**Data provided**
= = = = =
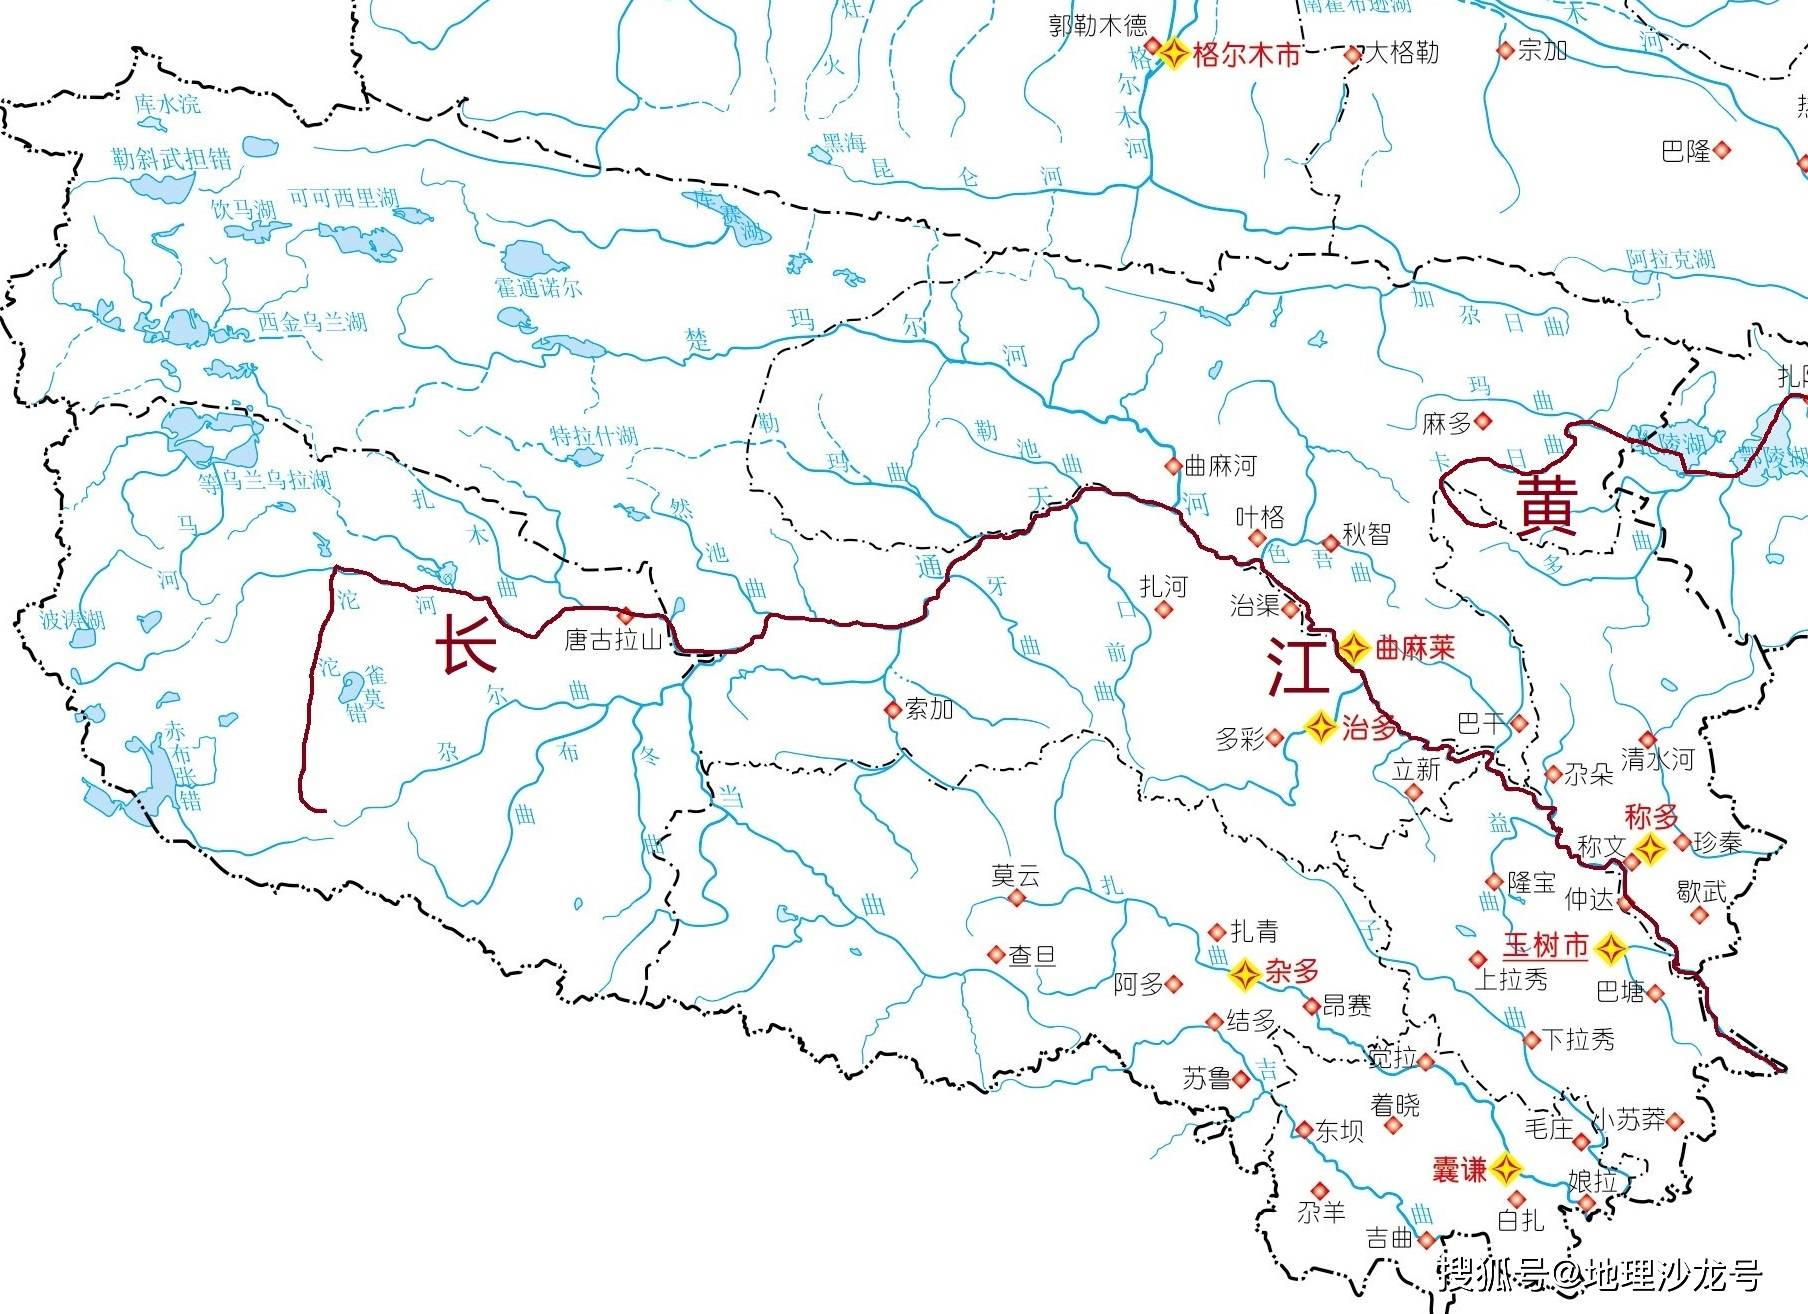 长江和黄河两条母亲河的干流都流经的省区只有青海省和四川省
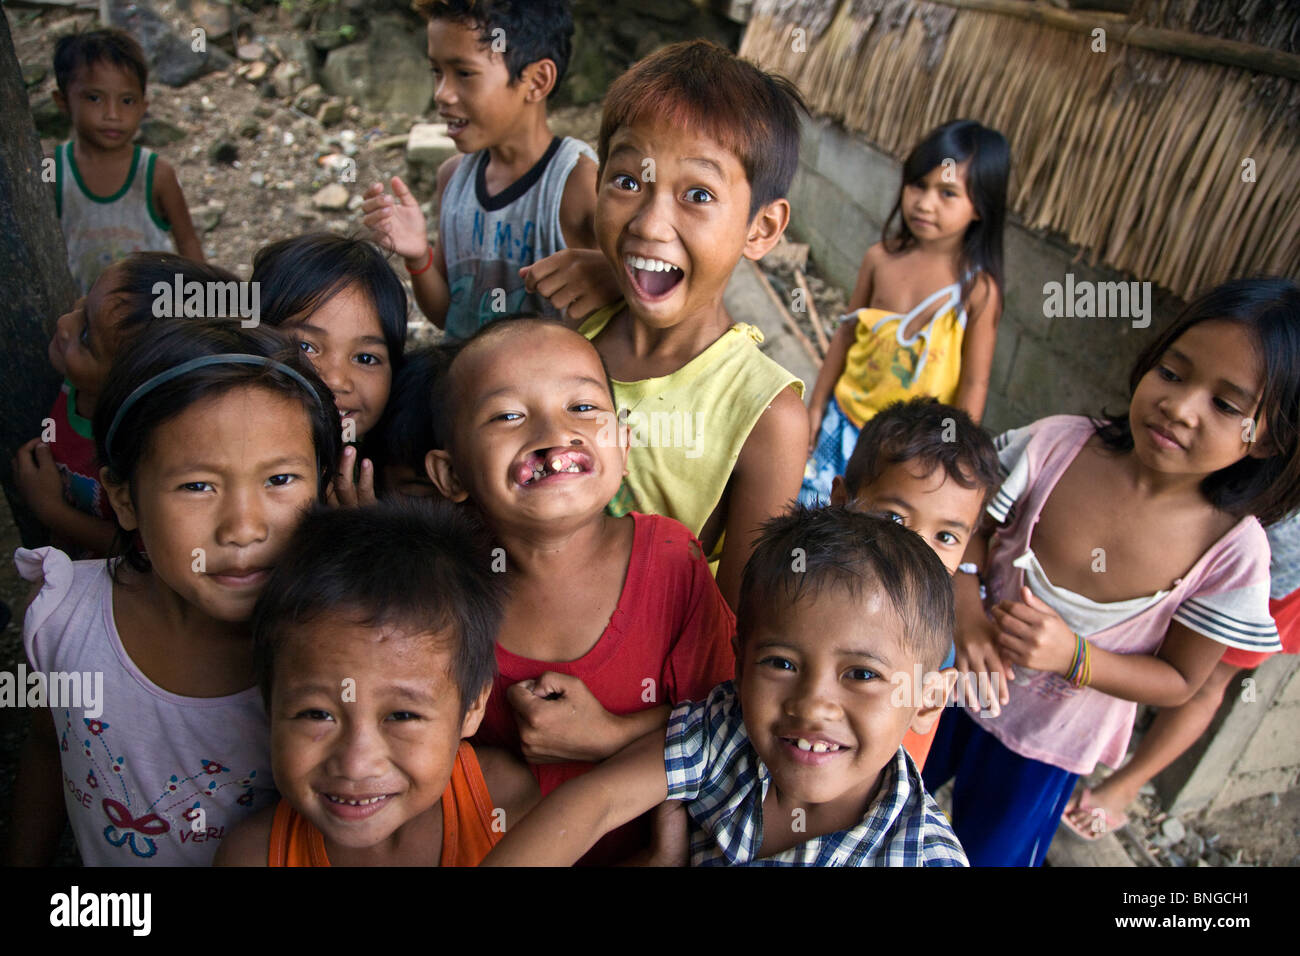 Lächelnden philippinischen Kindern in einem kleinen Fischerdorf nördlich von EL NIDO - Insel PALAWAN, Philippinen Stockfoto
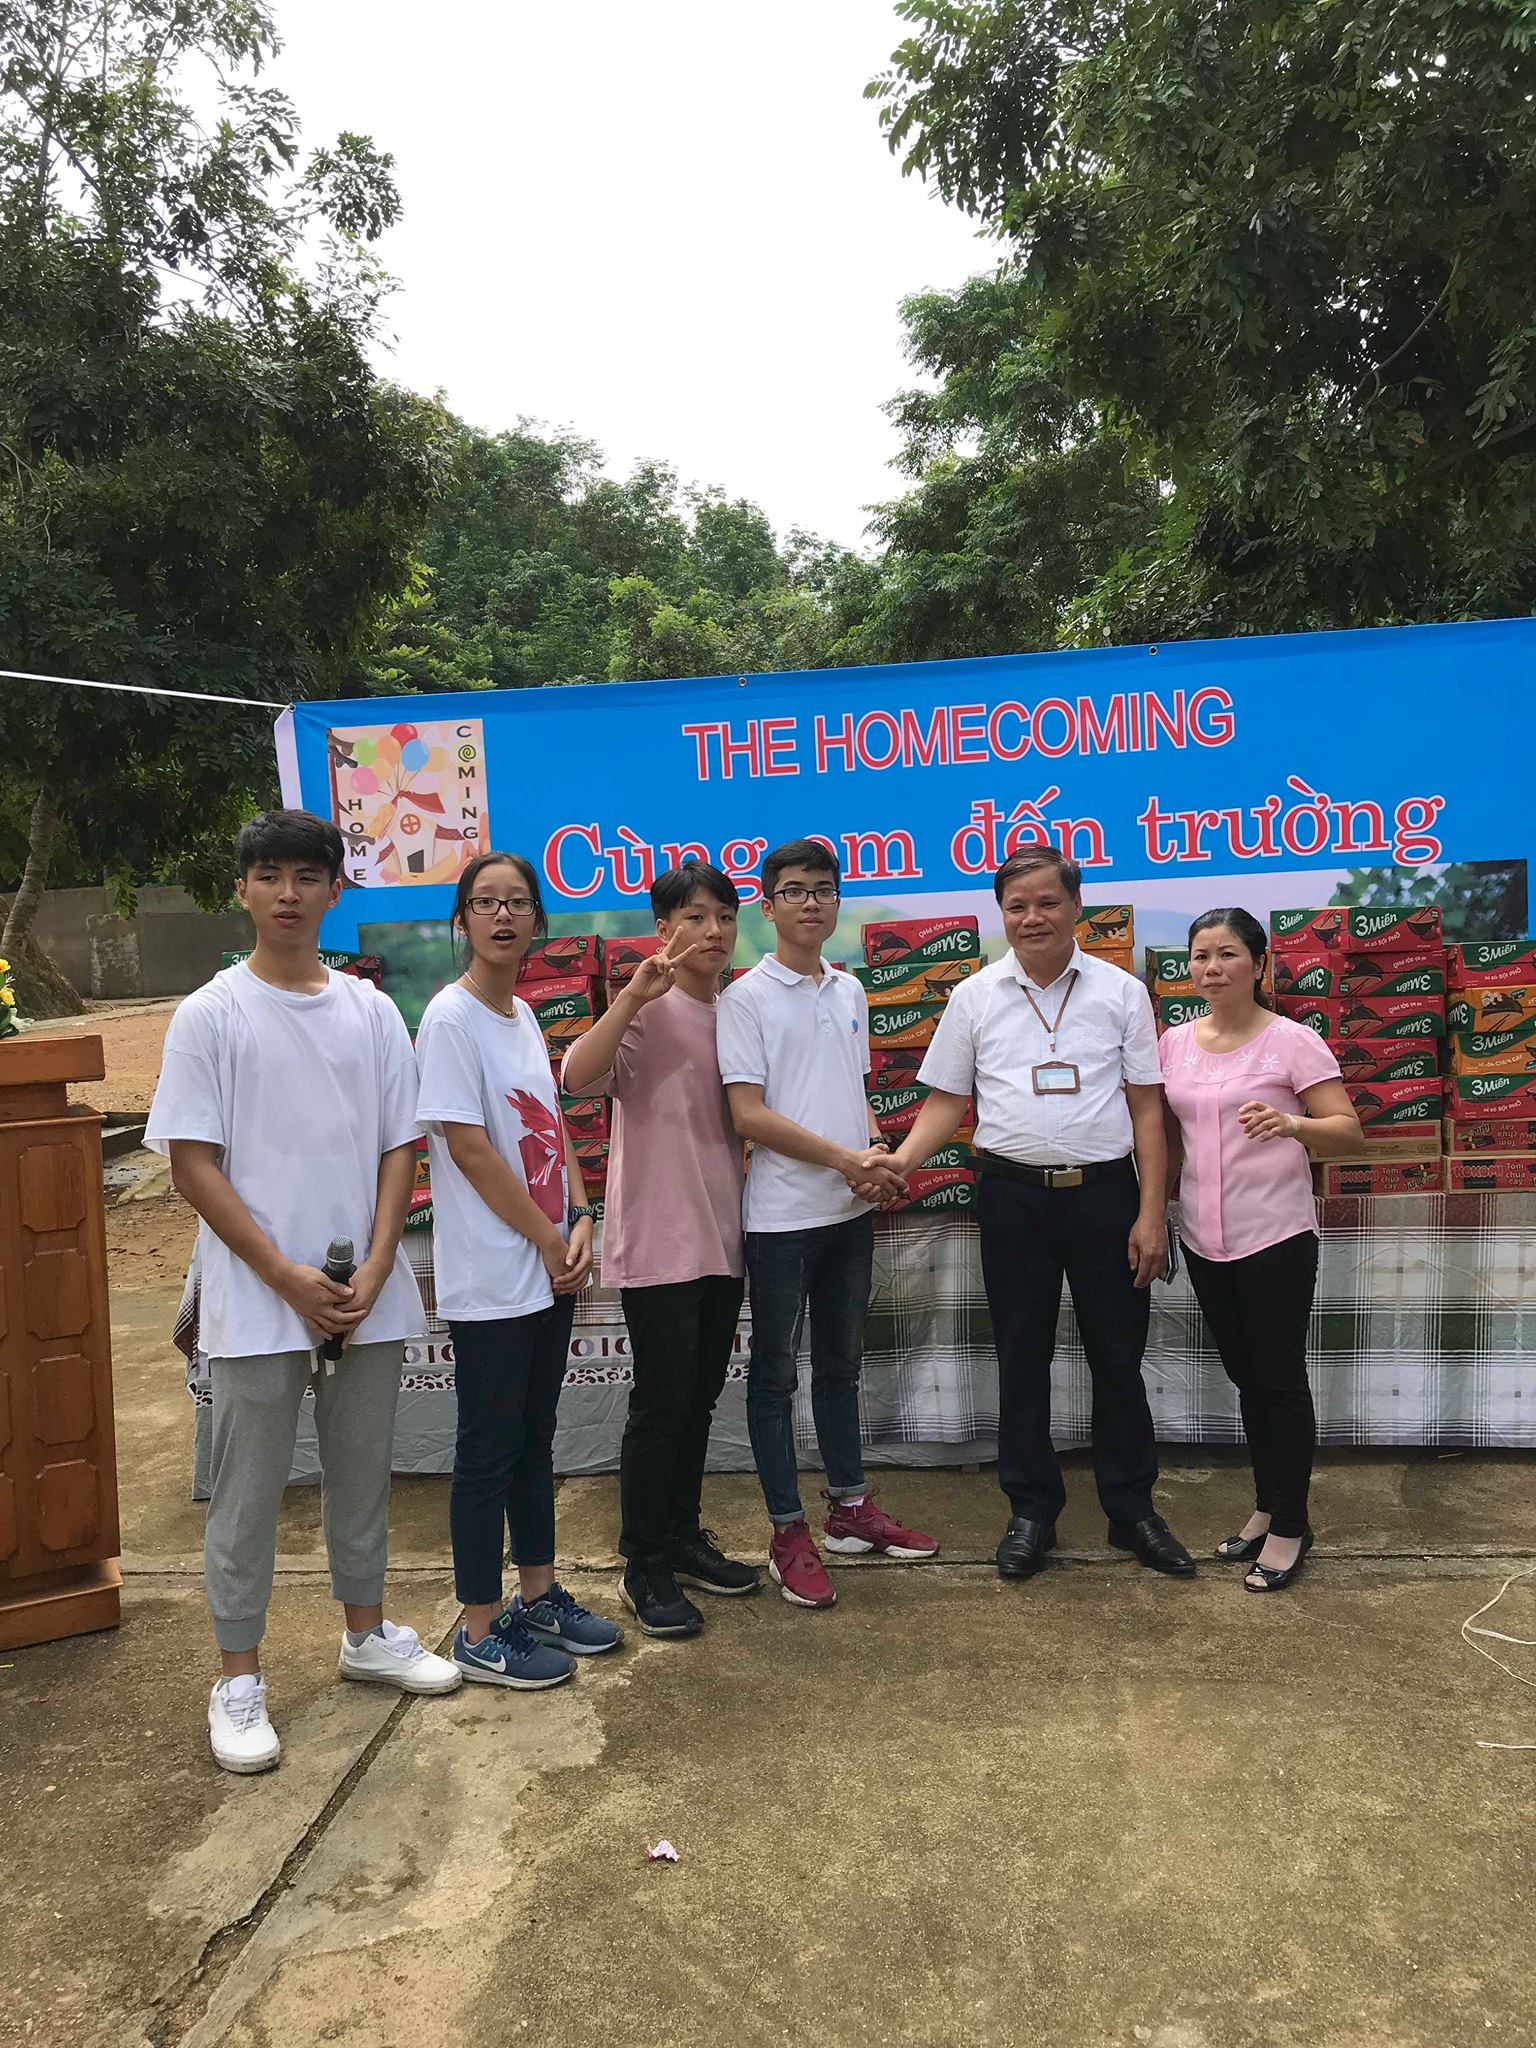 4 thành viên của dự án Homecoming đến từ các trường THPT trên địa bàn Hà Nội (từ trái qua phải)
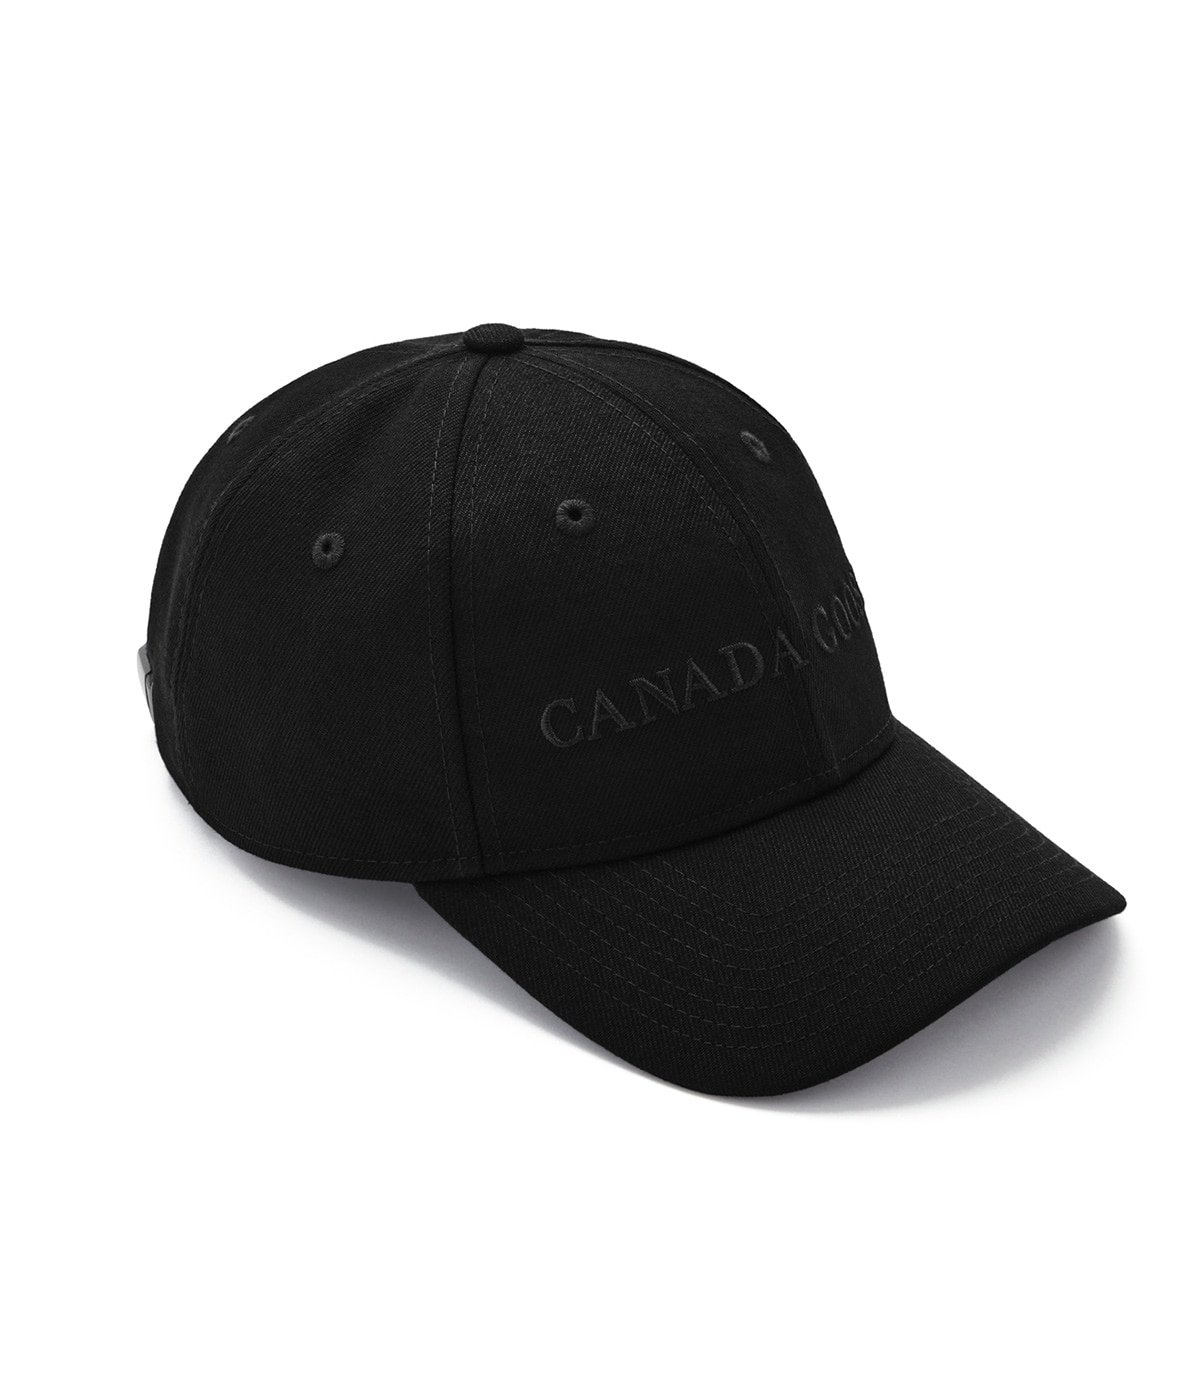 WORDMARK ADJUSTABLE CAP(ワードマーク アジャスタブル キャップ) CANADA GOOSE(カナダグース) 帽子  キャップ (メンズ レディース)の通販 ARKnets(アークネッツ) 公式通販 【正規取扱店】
= = = = =
**Your objective**
Reproduce exactly and only the lines from the line that contains "4 thành viên" to the end of the data above, both ends included. No pictures go in the copy.

**Output**
 4 thành viên của dự án Homecoming đến từ các trường THPT trên địa bàn Hà Nội (từ trái qua phải)
 WORDMARK ADJUSTABLE CAP(ワードマーク アジャスタブル キャップ) CANADA GOOSE(カナダグース) 帽子  キャップ (メンズ レディース)の通販 ARKnets(アークネッツ) 公式通販 【正規取扱店】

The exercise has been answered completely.